Claim Rejections - 35 USC § 101
35 U.S.C. 101 reads as follows:
Whoever invents or discovers any new and useful process, machine, manufacture, or composition of matter, or any new and useful improvement thereof, may obtain a patent therefor, subject to the conditions and requirements of this title.
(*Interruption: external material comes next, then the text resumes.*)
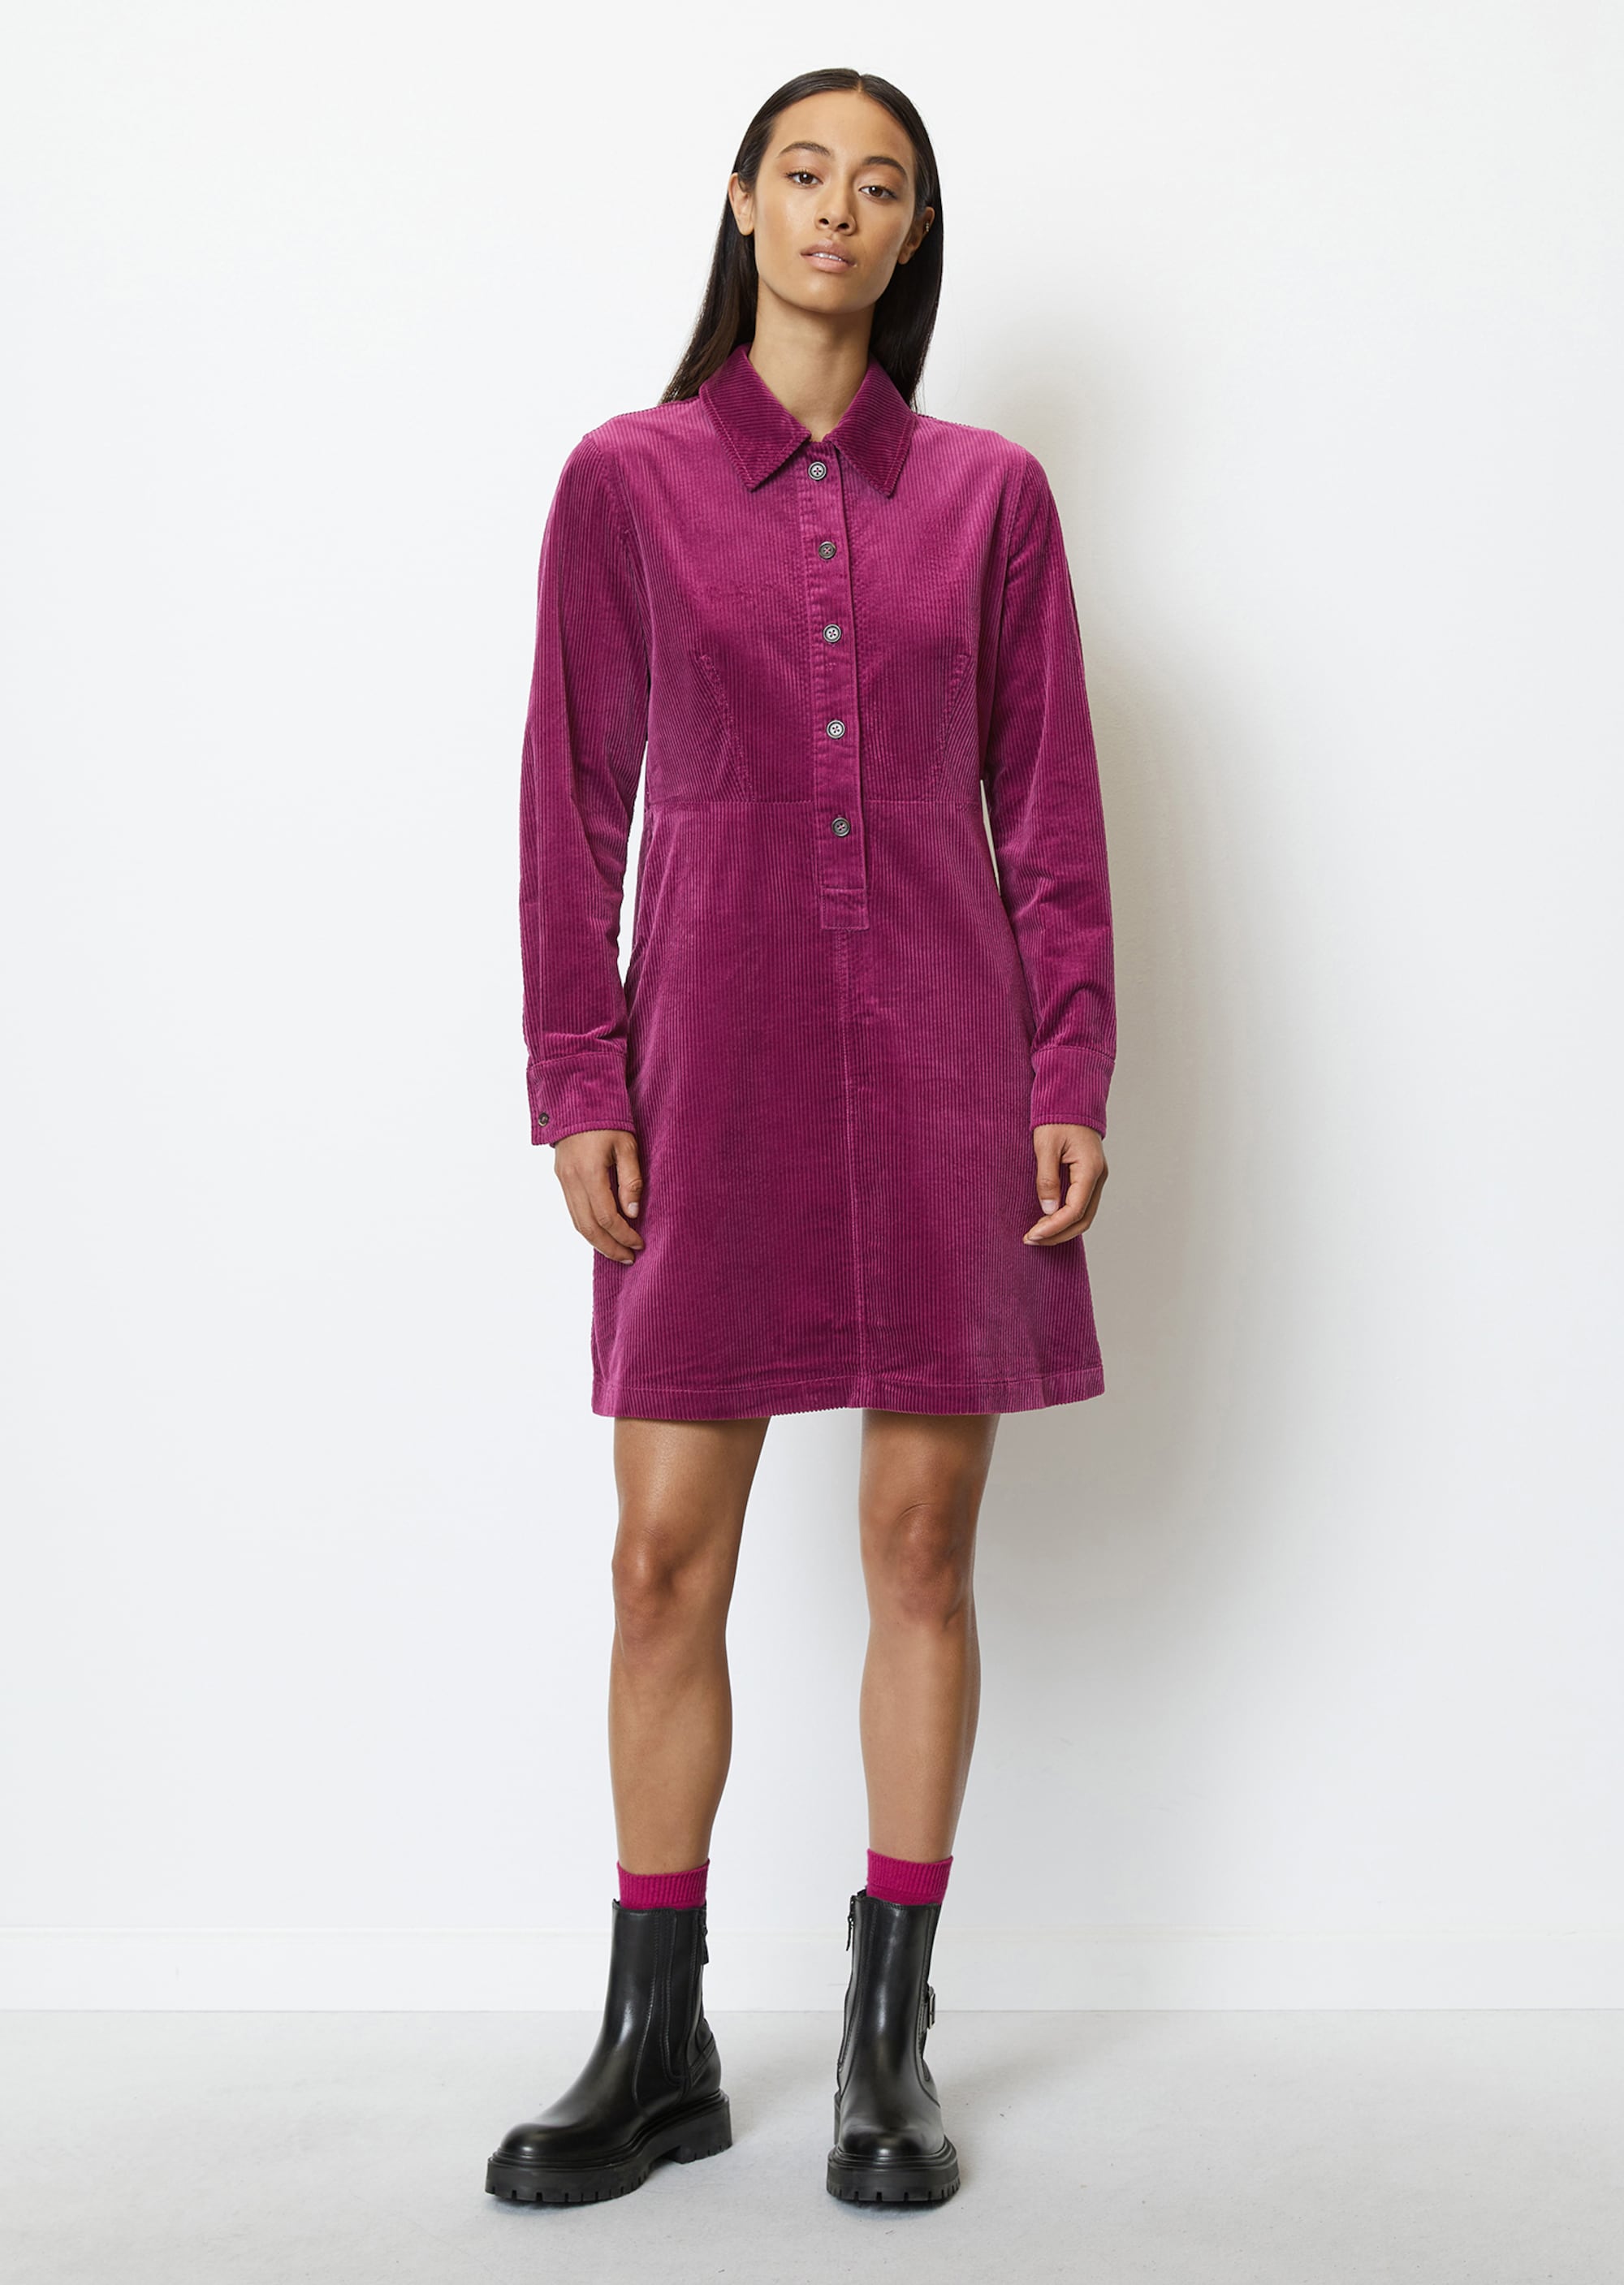 Kurzes Cordkleid fitted aus Organic Cotton - lila | Hemdblusenkleider |  MARC O'POLO
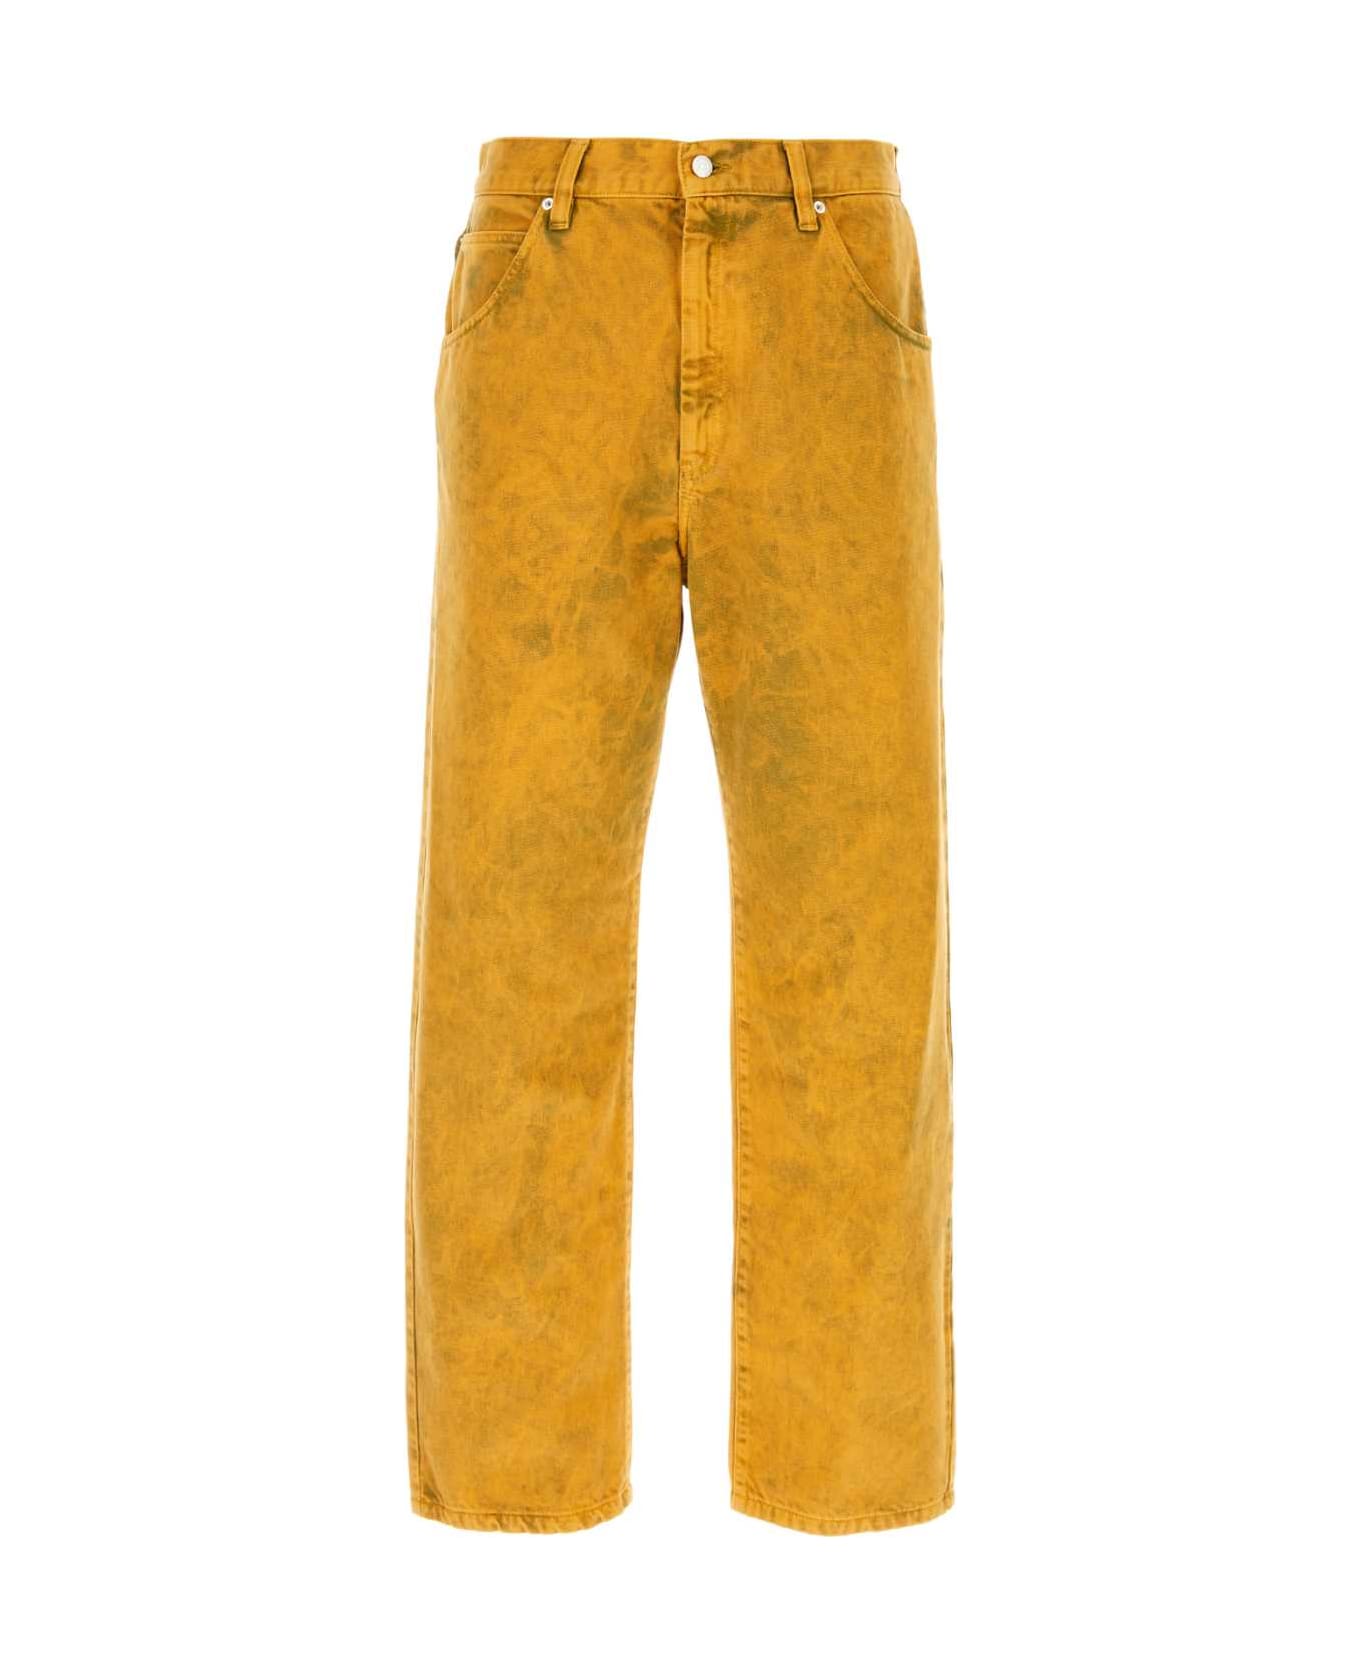 Namacheko Yellow Denim Warkworth Jeans - SKYMAGICIVORYFROSTEDKHAKI

Claims 8-9 and 13-14 are rejected under 35 U.S.C. 101 because the claimed invention is directed to non-statutory subject matter. The claimed recitation of a use, without setting forth any steps involved in the process, results in an improper definition of a process, i.e., results in a claim which is not a proper process claim under 35 U.S.C. 101. See MPEP § 2173.05(q).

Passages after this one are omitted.